Prompt | Lines from the one containing "Raw fresh marbled" through the end of the material are to be retyped exactly; do not copy pictures.

Supplied material |
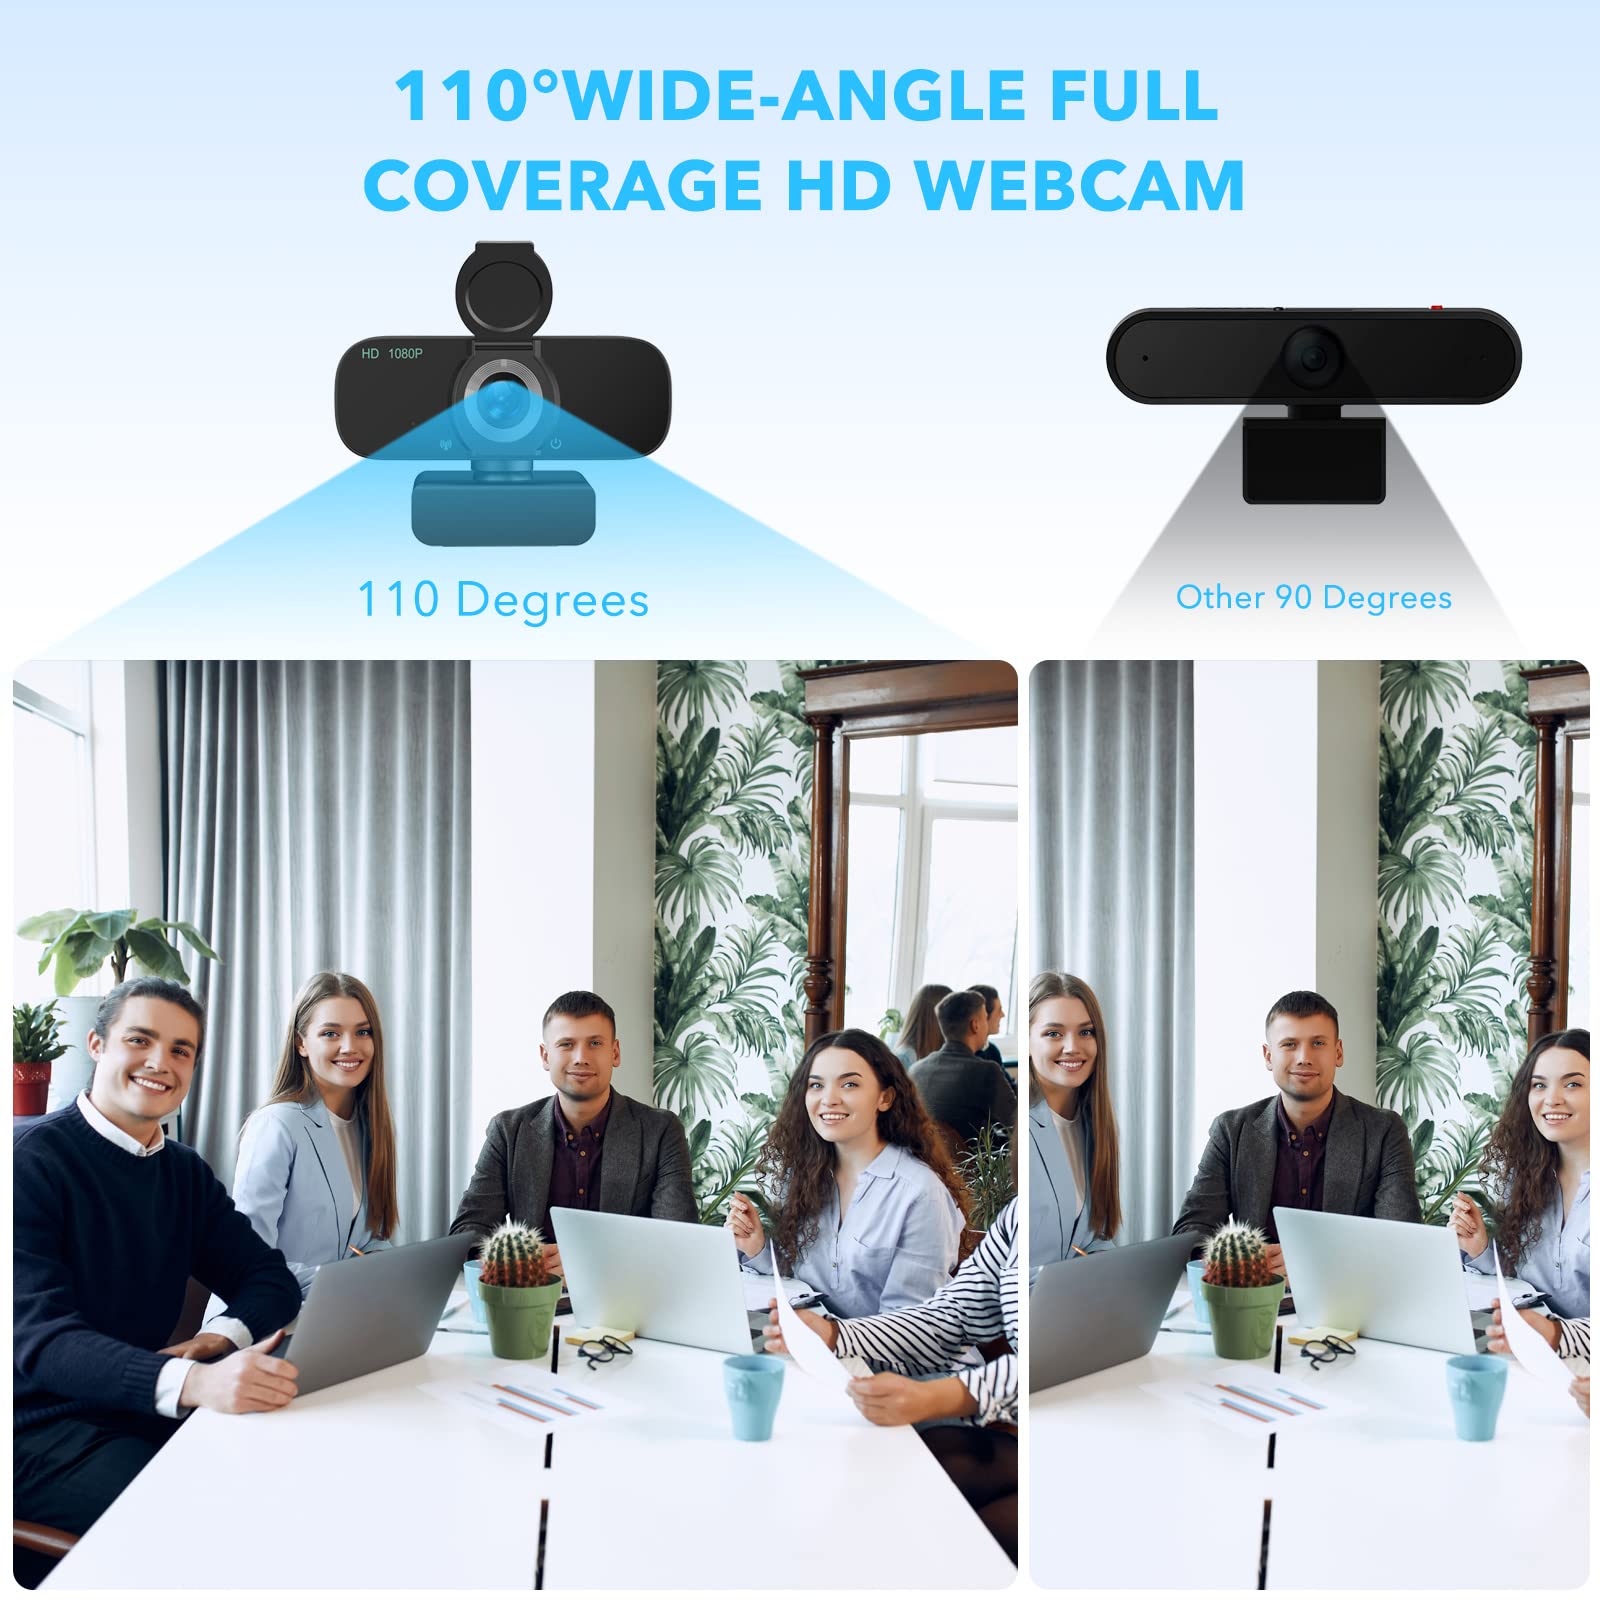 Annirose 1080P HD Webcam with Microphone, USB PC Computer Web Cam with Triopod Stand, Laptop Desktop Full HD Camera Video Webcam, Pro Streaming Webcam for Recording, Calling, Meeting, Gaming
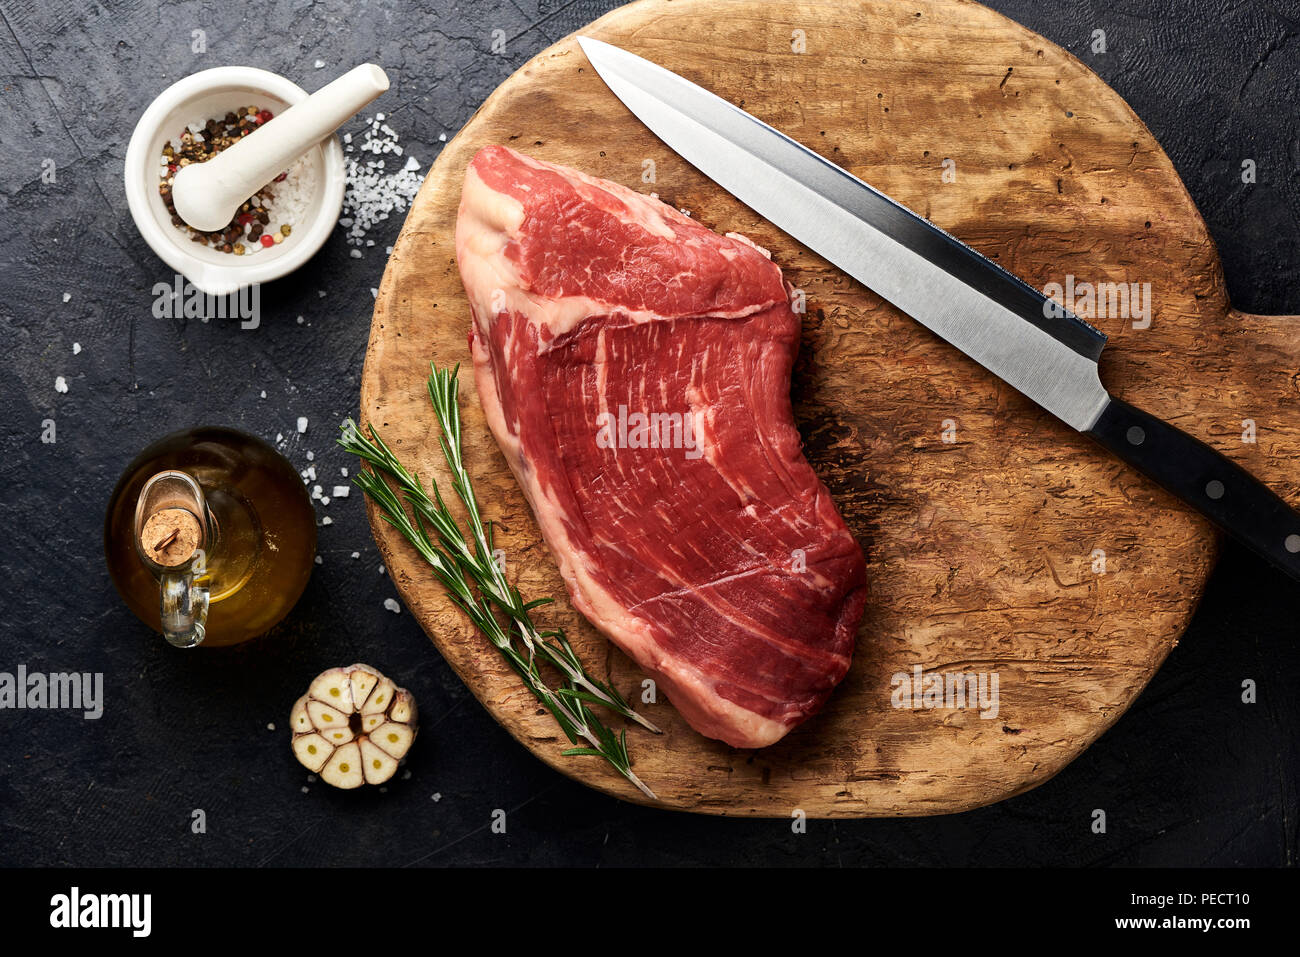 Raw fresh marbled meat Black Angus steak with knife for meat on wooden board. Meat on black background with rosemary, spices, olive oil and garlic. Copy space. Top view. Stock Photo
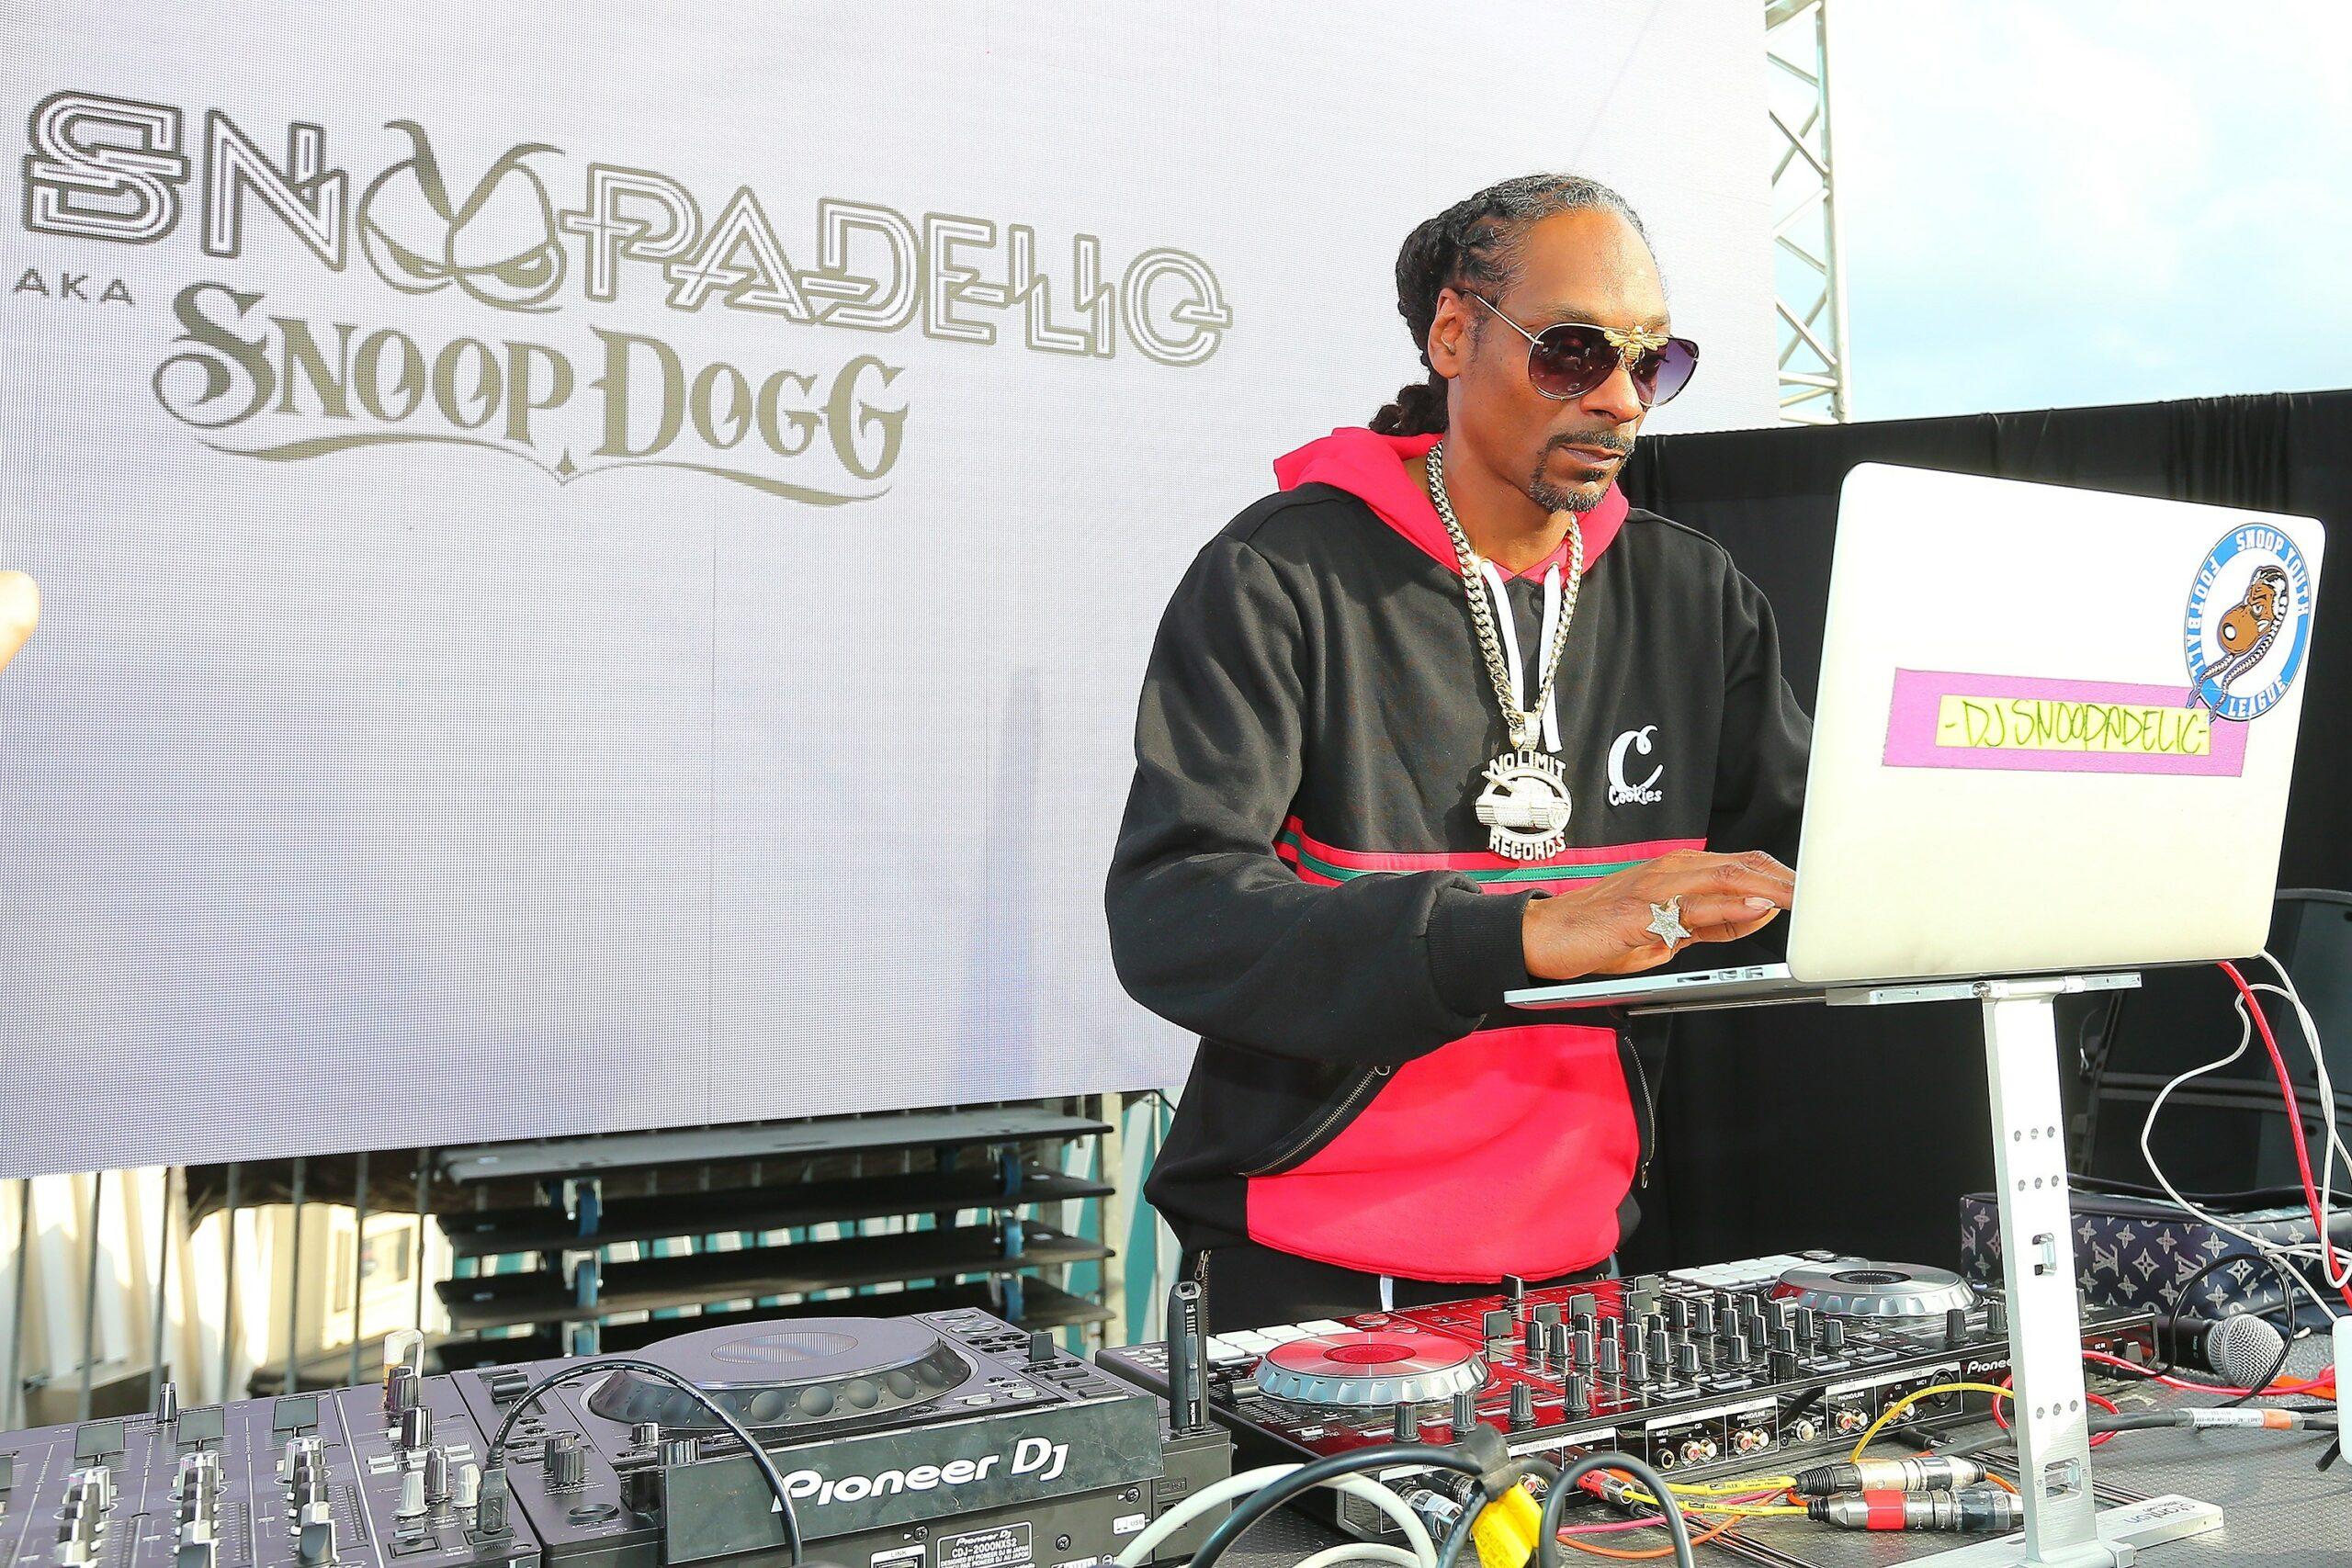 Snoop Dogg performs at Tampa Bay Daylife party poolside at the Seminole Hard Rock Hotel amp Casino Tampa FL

Task response |
 Raw fresh marbled meat Black Angus steak with knife for meat on wooden board. Meat on black background with rosemary, spices, olive oil and garlic. Copy space. Top view. Stock Photo
 Snoop Dogg performs at Tampa Bay Daylife party poolside at the Seminole Hard Rock Hotel amp Casino Tampa FL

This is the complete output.